Common Design Pattern Conversions¶
This page shows how to translate four common structural transformations using SHACL Bridges. Each example provides:
- A Mermaid diagram visualising the before/after graph shapes
- A bridge YAML file
- A minimal source RDF data file
- The SPARQL CONSTRUCT query that is embedded in the generated SHACL shape
- The diff output — the triples the bridge adds
Pattern 1 — Chain → Diamond¶
Chain: A → B → C → D (a single linear path)

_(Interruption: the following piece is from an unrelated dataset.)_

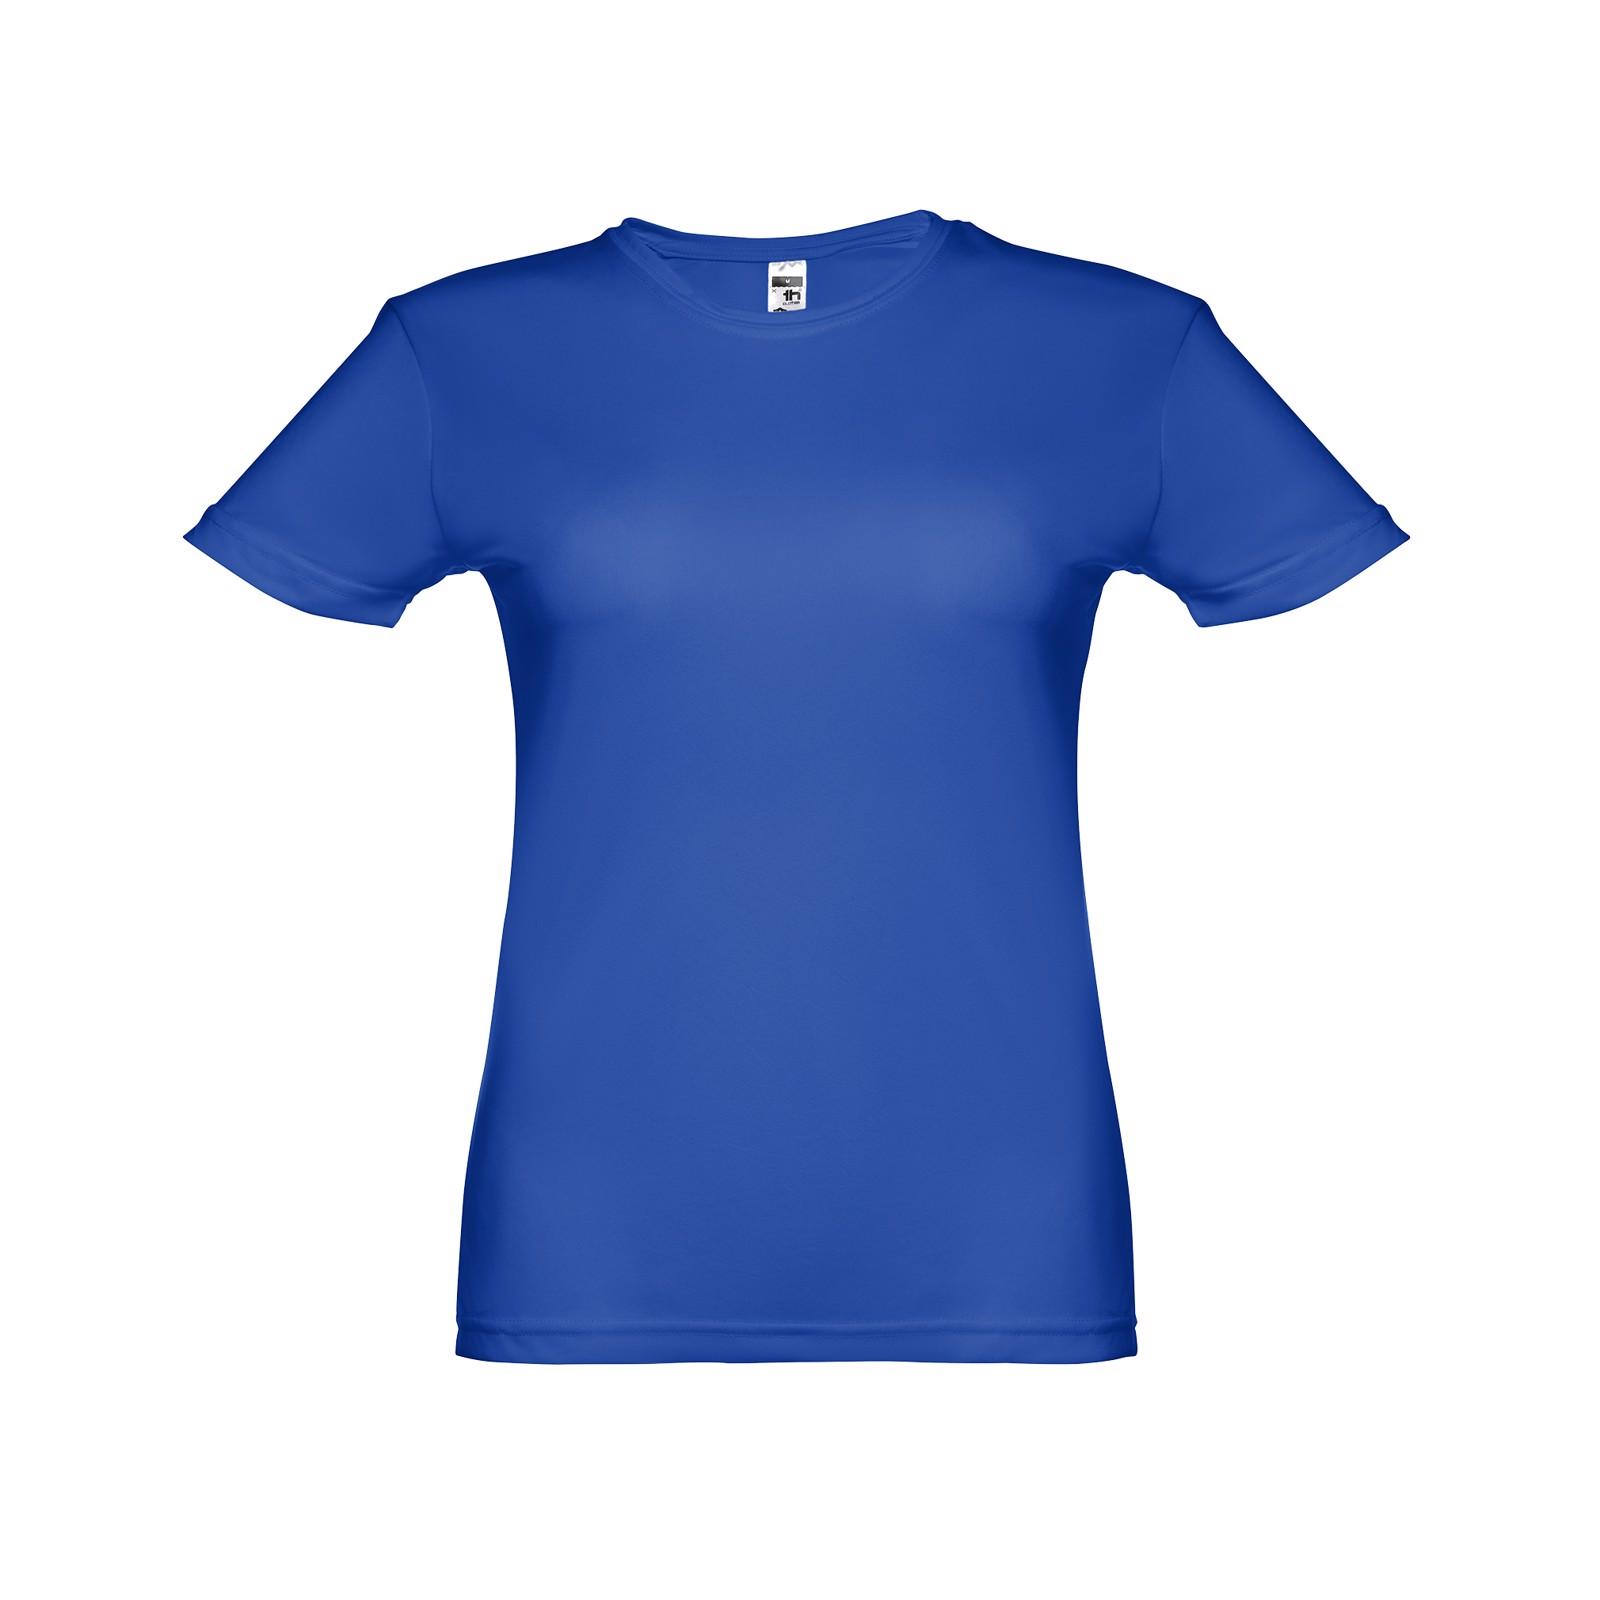 NICOSIA WOMEN. Women's sports t-shirt - Royal Blue / M

Diamond: A → B, A → C, B → D, C → D (two parallel branches converging)
This is the classic "split-and-merge" transformation: one linear dependency chain is replaced by two independent sub-processes that both feed into the same final node.
flowchart LR
subgraph Source["Source pattern (chain)"]
A[A] ==> B[B]
B ==> C[C]
C ==> D[D]
end
subgraph Target["Target pattern (diamond)"]
A2(A) --> B2(B)
A2 --> C2(C)
B2 --> D2(D)
C2 --> D2
end
A -.......->|SHACL_bridge| A2
B -.......->|SHACL_bridge| B2
C -.......->|SHACL_bridge| C2
D -.......->|SHACL_bridge| D2
bridge.yaml¶
metadata:
title: "Chain to Diamond"
mapping_justification: "semapv:ManualMappingCuration"
prefixes:
ex: "http://example.org/pattern1#"
source_pattern:
root: "ex:A"
triples:
- ["ex:A", "ex:next", "ex:B"]
- ["ex:B", "ex:next", "ex:C"]
- ["ex:C", "ex:next", "ex:D"]
target_pattern:
triples:
- ["ex:A", "ex:branchLeft", "ex:B"]
- ["ex:A", "ex:branchRight", "ex:C"]
- ["ex:B", "ex:feeds", "ex:D"]
- ["ex:C", "ex:feeds", "ex:D"]
class_map:
- source: "ex:A"
target: "ex:A"
justification: "semapv:ManualMappingCuration"
comment: "Root node, same class in target"
- source: "ex:B"
target: "ex:B"
justification: "semapv:ManualMappingCuration"
- source: "ex:C"
target: "ex:C"
justification: "semapv:ManualMappingCuration"
- source: "ex:D"
target: "ex:D"
justification: "semapv:ManualMappingCuration"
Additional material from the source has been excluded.